А Джега к тому, к другому, последним из клуба ушел. Дома снова к окну. Схватился за голову.
«Вот, чортова голова!»
Долго ворочался в постели эту ночь Джега прежде чем заснуть, зато проснулся неожиданно, с головой свежей и легкой.
Солнце шарило по углам золотыми лапами, на окне первая муха лениво по стеклу ползла. Тряхнул головой, вскочил.
«День-то какой светлый! На работу скорей — дурь вышибать».
И вышиб. Быстро, ловко вертел колесо дня. Комсомольцы из уезда приехали — привезли ворох лесных запахов и нерешенных вопросов. Приглядывались, прикидывали все виденное на себя. Домовито обходили завод, щупали машины.
— Здорово заведено.
Когда вернулись в коллектив, Джега, в свою очередь, их расспрашивать принялся:
— Ну, как у вас, в Борке?
— О-о! Важно. Четверо новых. Теперь нас семнадцать всех, слышь! Сила! В волисполкоме двое наших. Лавочника за жабры взяли. Ох, делов было.
Смеялись серые глаза. Стулья трещали от напора кряжистых спин. Ничего, что семнадцать их против пятисот замшелых в старом упрямстве голов. Ничего, что не так давно Никита Шершнев, восемнадцатилетний бунтарь, — с пробитой головой навеки спать улегся. Все ничего. Целина поднята. Передел сделан.
Прощаясь, ломили руку Джеги сырым, могучим пожатием. Уговорились, на Троицу приедет к ним посмотреть, подсобить, встряхнуть разок деревню как следует. Ушли, не оглядываясь, оставив смоляной дух в комнатушке, обернутой кумачовыми лозунгами.
Весь день Джега дышал этим лесным настоем. Крутил в десять лошадиных сил. Очнулся от рабочего угара, когда стрелки уже за десять перемахнули. Обнял братски портфель, прошел пустынными коридорами на улицу. За воротами остановился, жадно потянул ноздрями воздух. Эк, как круто замешано! Утренних гостей вспомнил, улыбнулся:
«Вот крепыши. Не своротишь. Эти свое возьмут».
Пошел проулком меж лип пахучих. На перекрестке постоял с минуту, глянул вверх, лениво подумал:
«К реке пройти что ли, ледоход еще не удосужился посмотреть?»

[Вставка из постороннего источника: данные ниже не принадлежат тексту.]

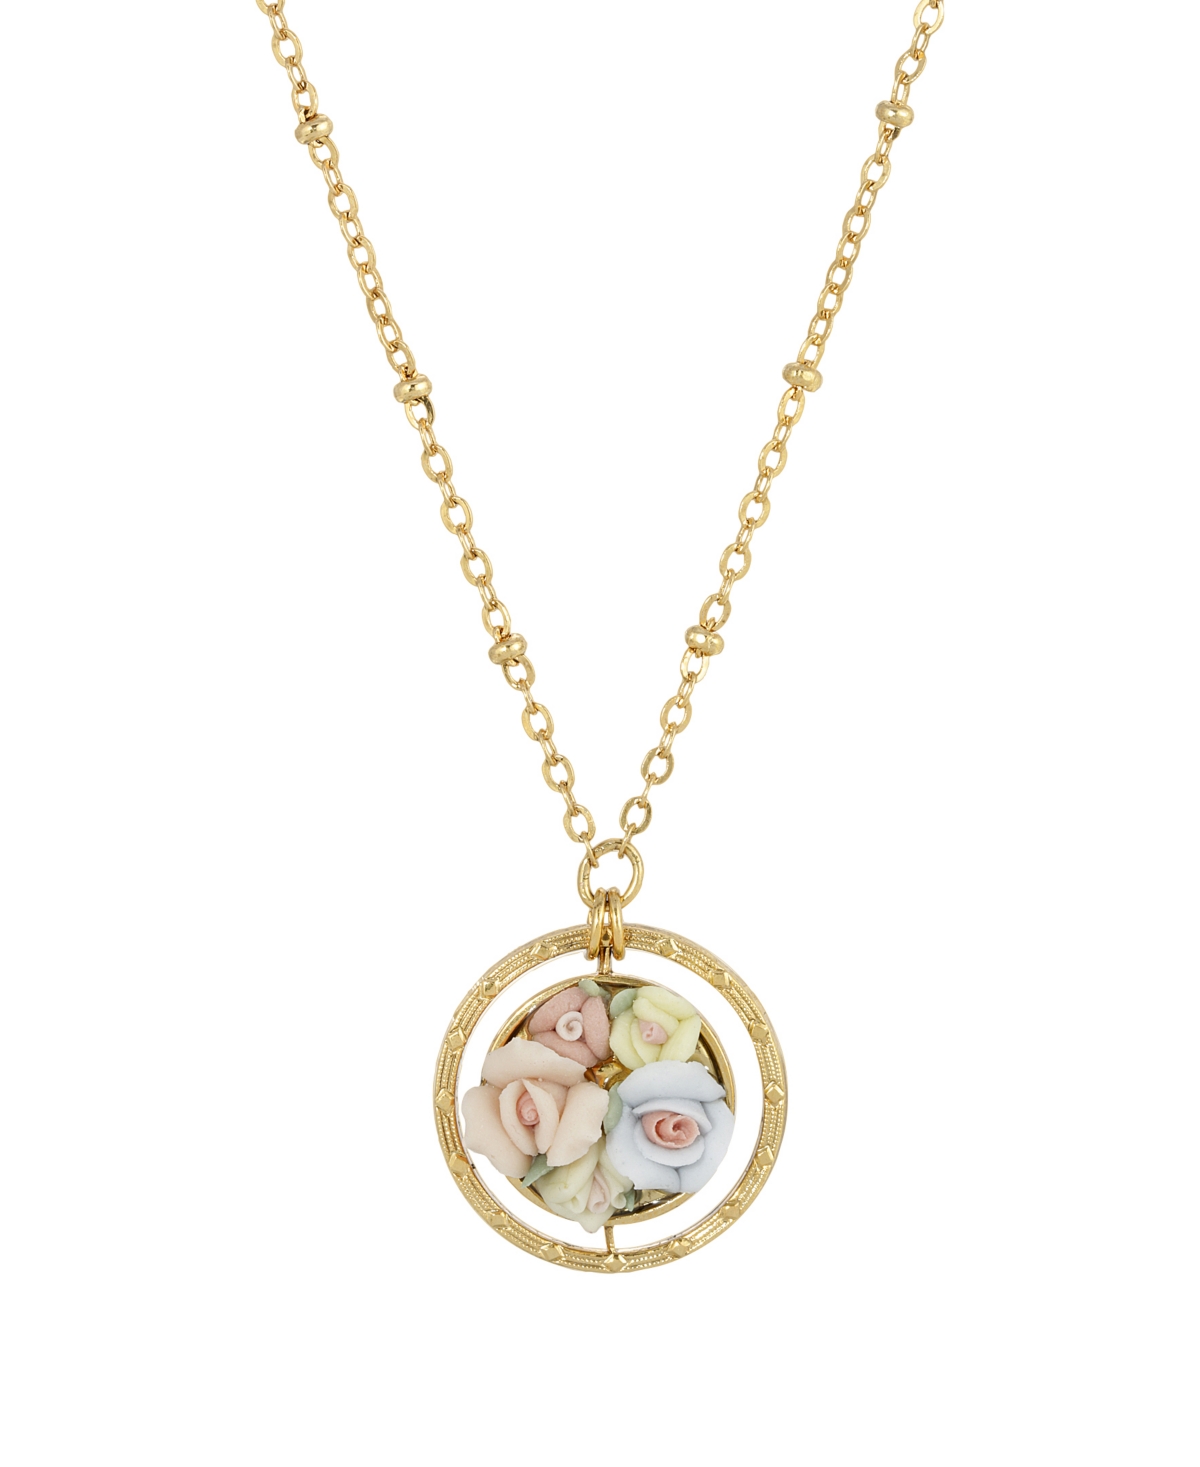 2028 Women's Gold Tone Yellow Porcelain Flower Round Drop Necklace In Pink
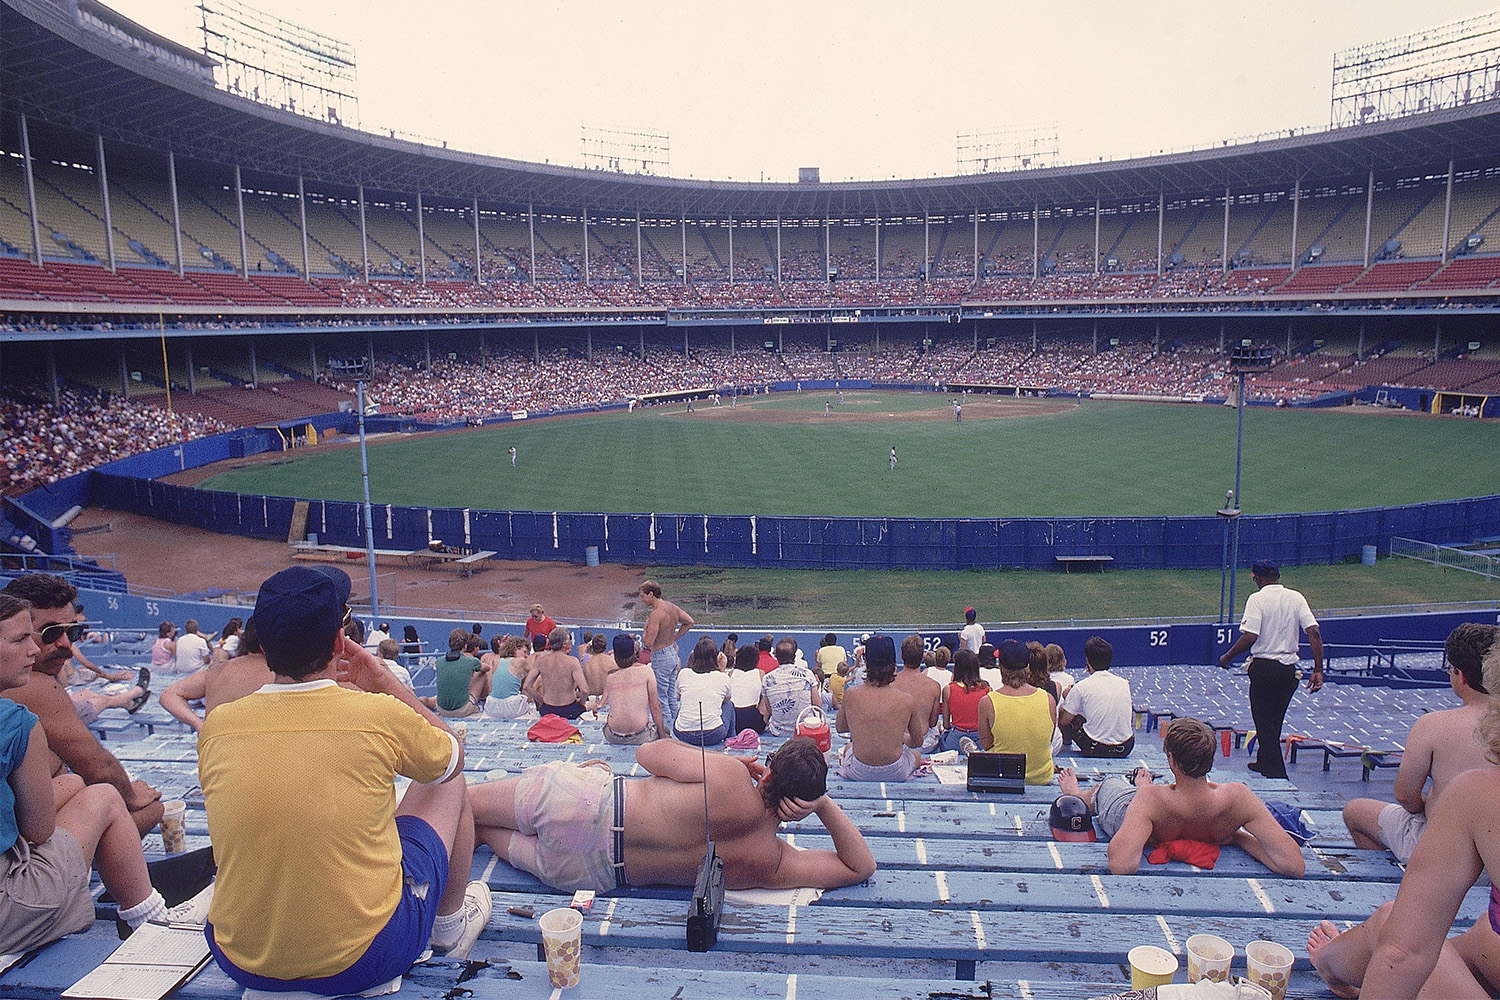 Fans lounging around a somewhat empty bleachers section at a baseball game.

Повернув к реке, тихо побрел, низко свесив голову на грудь. От бульвара спустился к воде, прыгал по валунам, пока не наскочил на живое. Распрямилось живое, обернулось девушкой. Стояла гибкой тростинкой, белело лицо в темноте. Джега назад подался, будто в грудь его кто ударил. Выговорил с хрипотцой:
— Эге. Не бойтесь. Случаем наскочил.
Хотел повернуть, да вдруг тихой песней над ухом.
— Я не боюсь. Похоже, что вы боитесь, так от меня отпрянули.
Прислушался к журчанью слов. Помолчал. Поднял плечи. Тихо уронил:
— Боюсь… Может, и боюсь.
Усмехнулся:
— Чего это вас вытянуло на ветер да без маменьки. Ножки простудите, еще и обидит, пожалуй, кто.
Ничего не сказала. Села на камень. Потом вдруг улыбнулась:
— Все равно не разозлить вам меня. Напрасно стараетесь.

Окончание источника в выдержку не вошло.